Task to complete:
Your copy of the listing should match it exactly, only without pictures.

Data below:

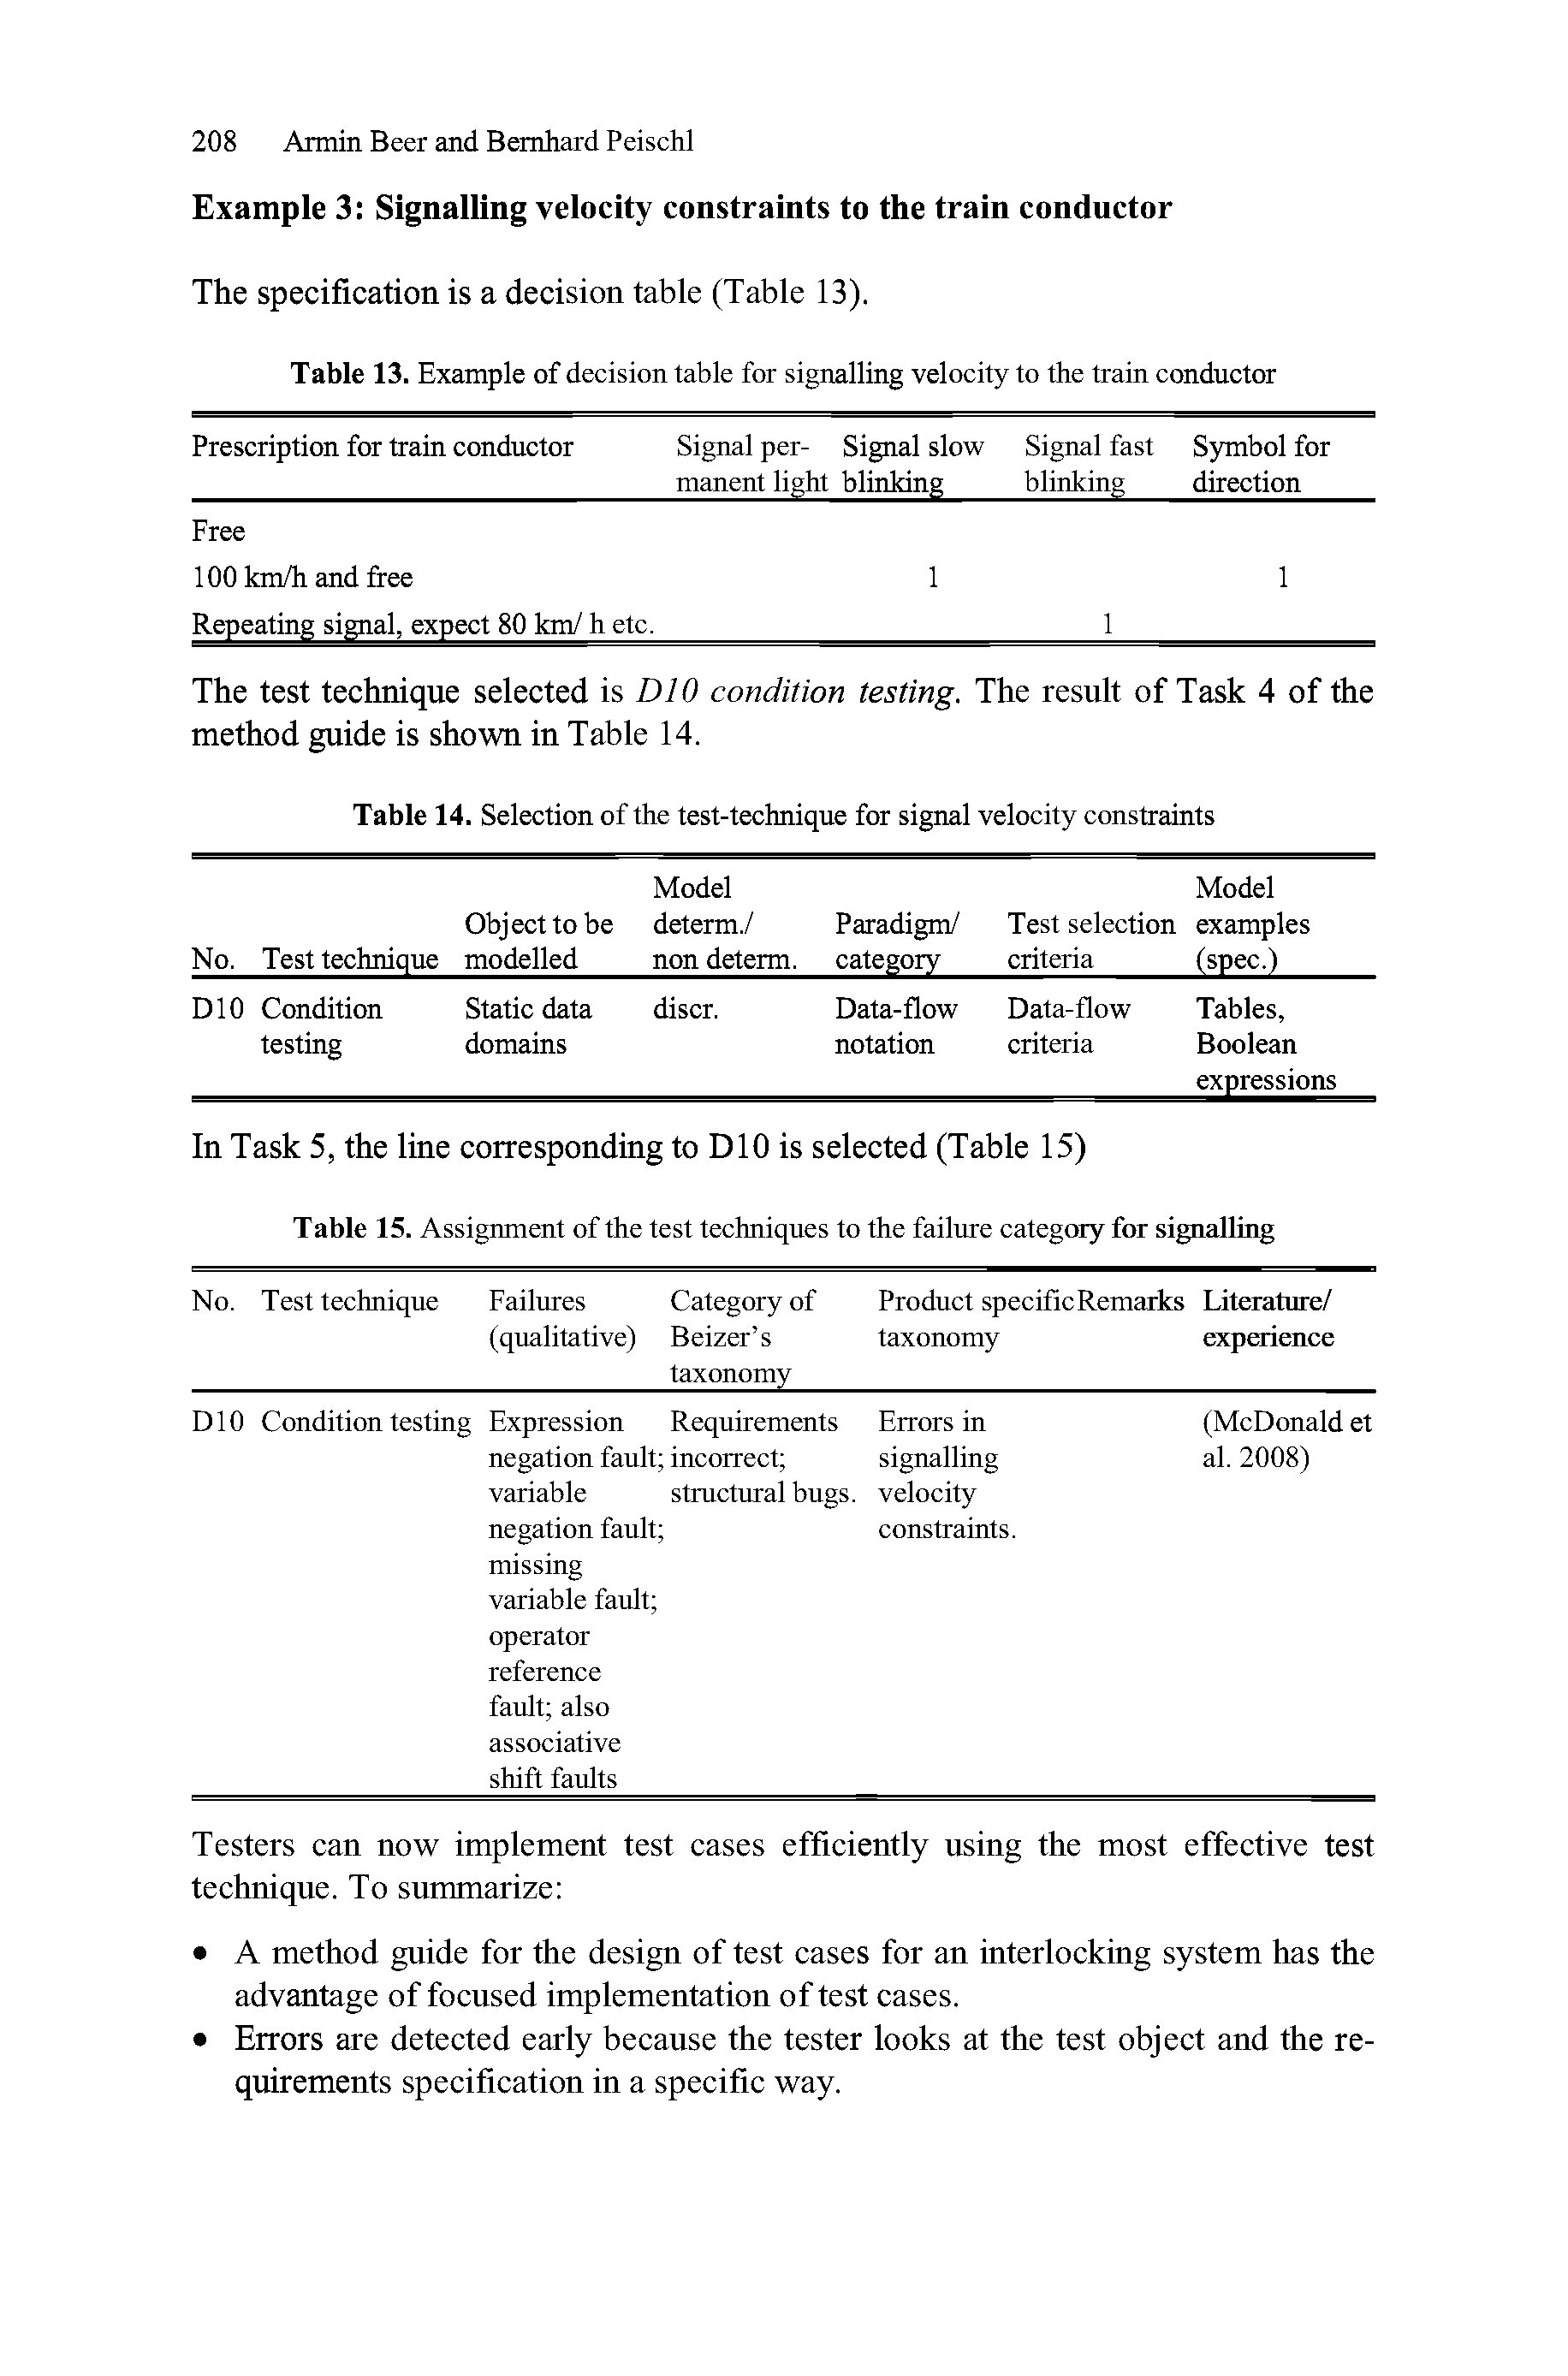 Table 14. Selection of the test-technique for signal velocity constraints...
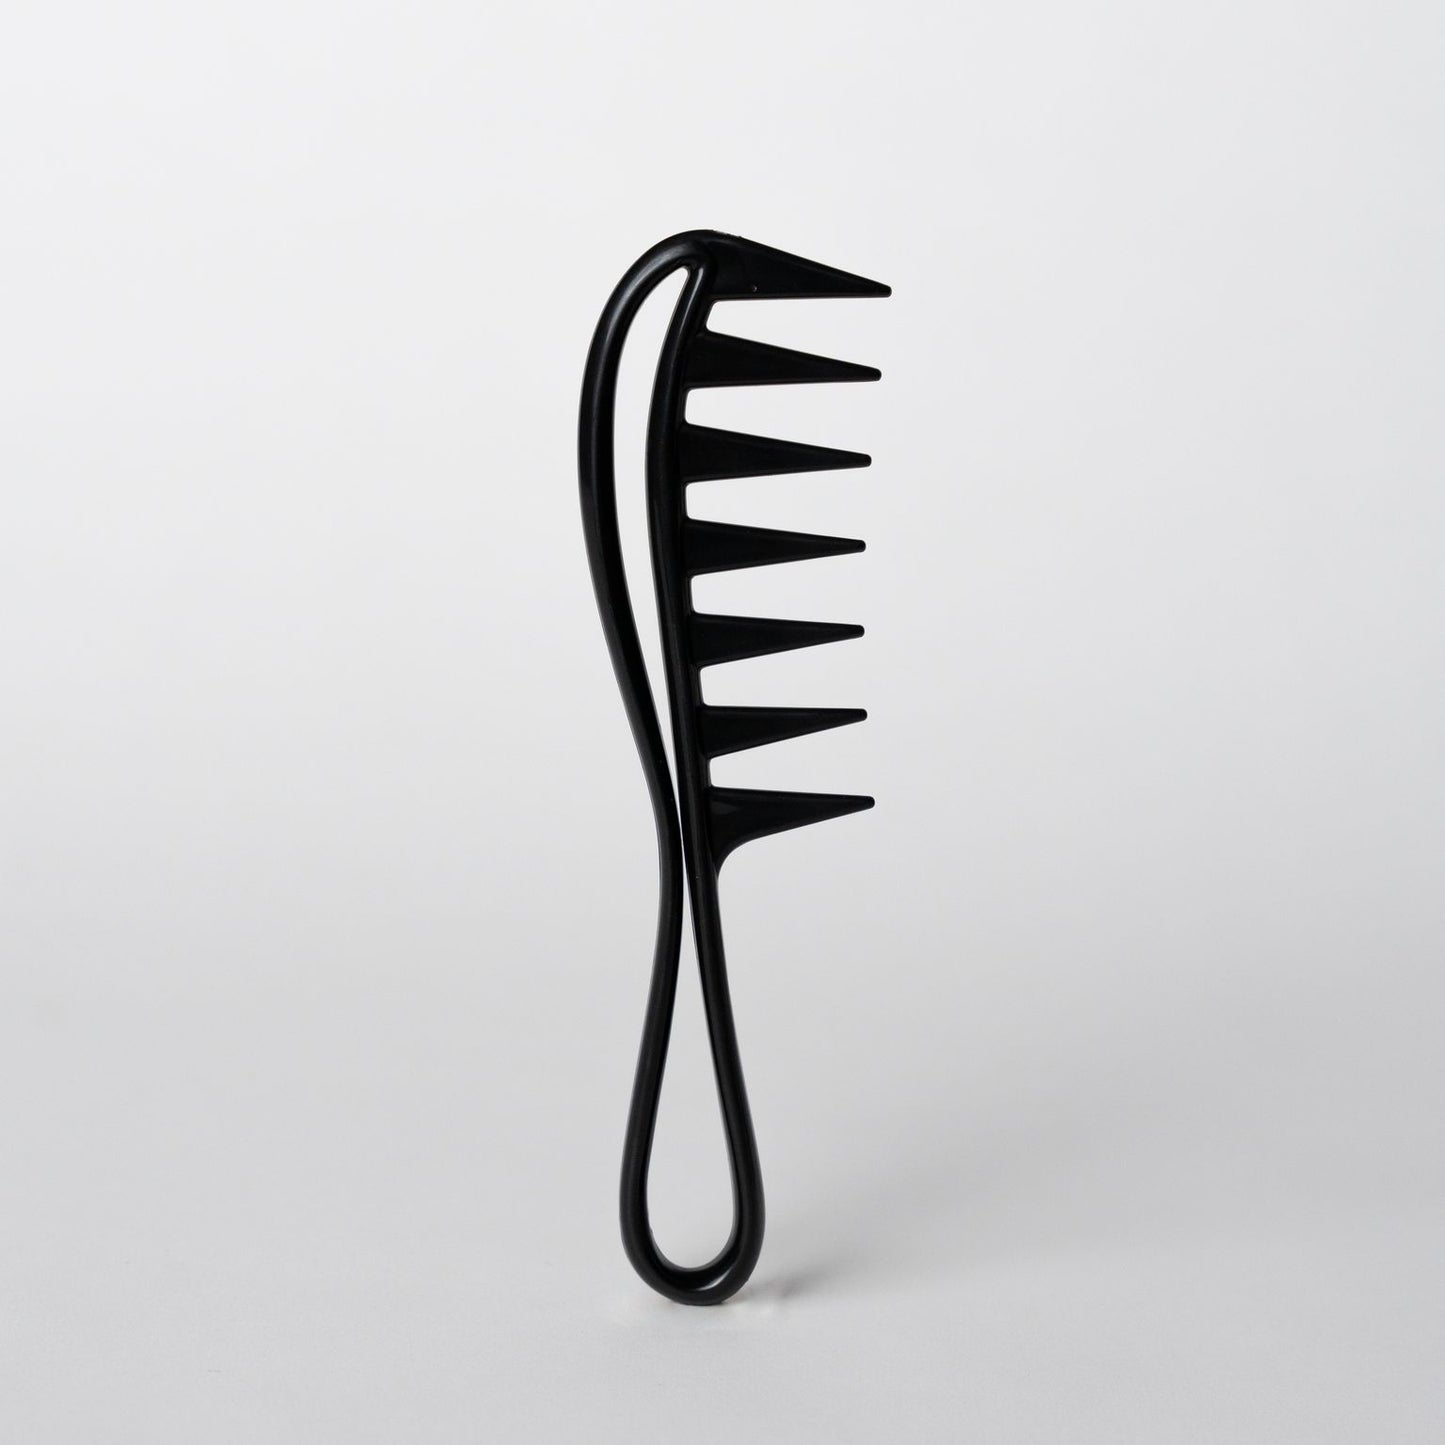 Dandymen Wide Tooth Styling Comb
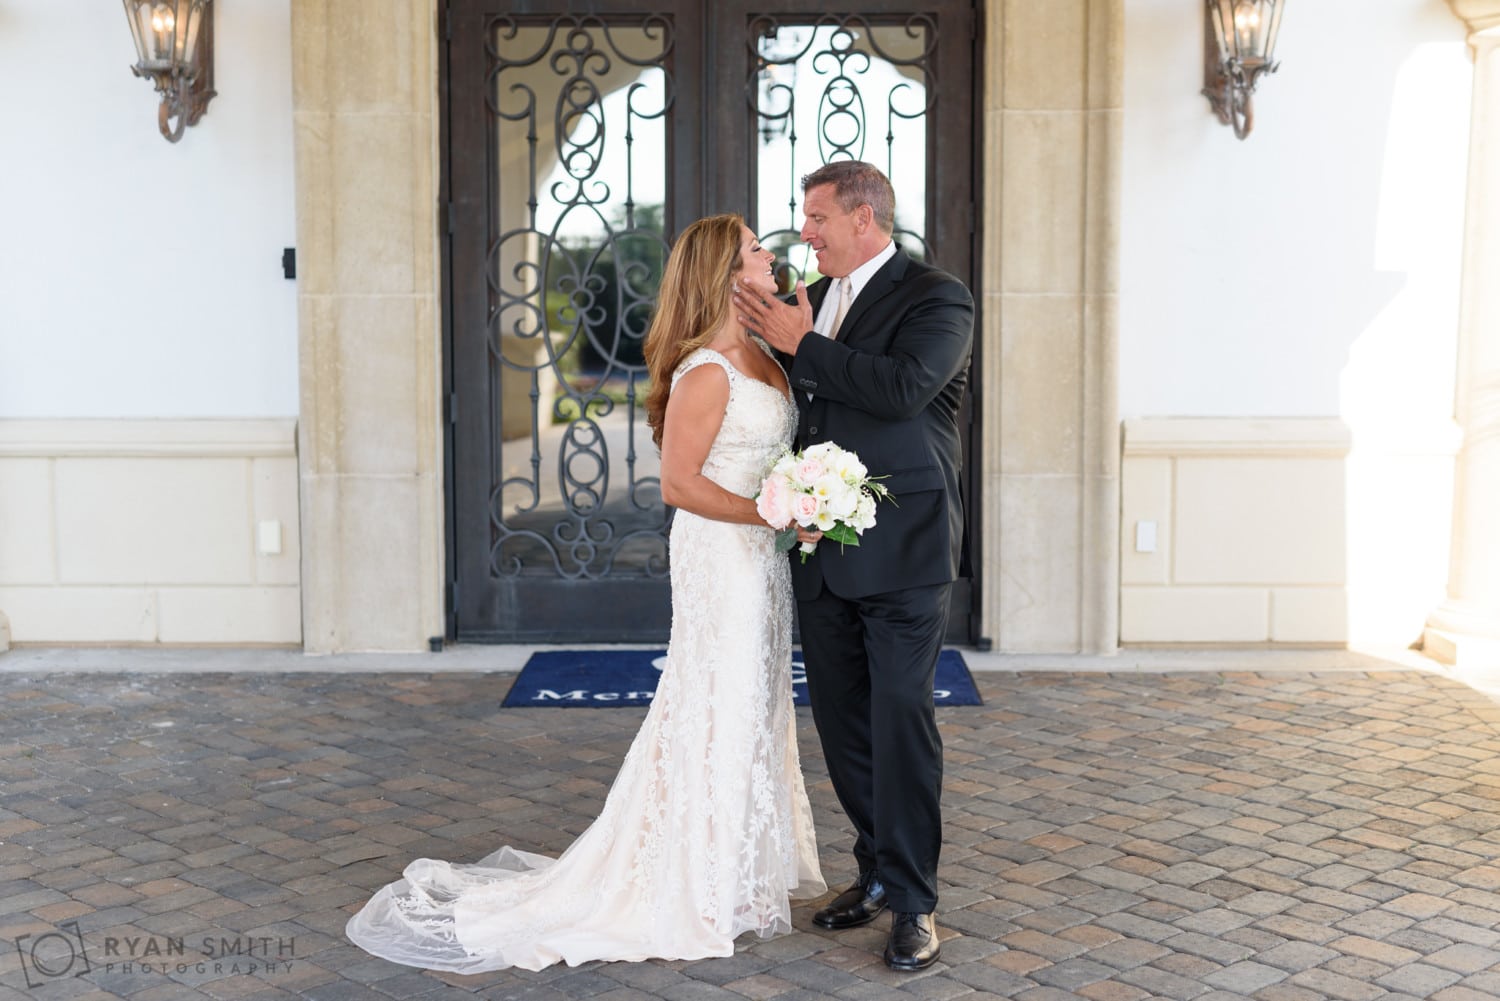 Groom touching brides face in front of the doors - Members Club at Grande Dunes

Answer for this exercise:
 Table 14. Selection of the test-technique for signal velocity constraints...
 Dandymen Wide Tooth Styling Comb
 Groom touching brides face in front of the doors - Members Club at Grande Dunes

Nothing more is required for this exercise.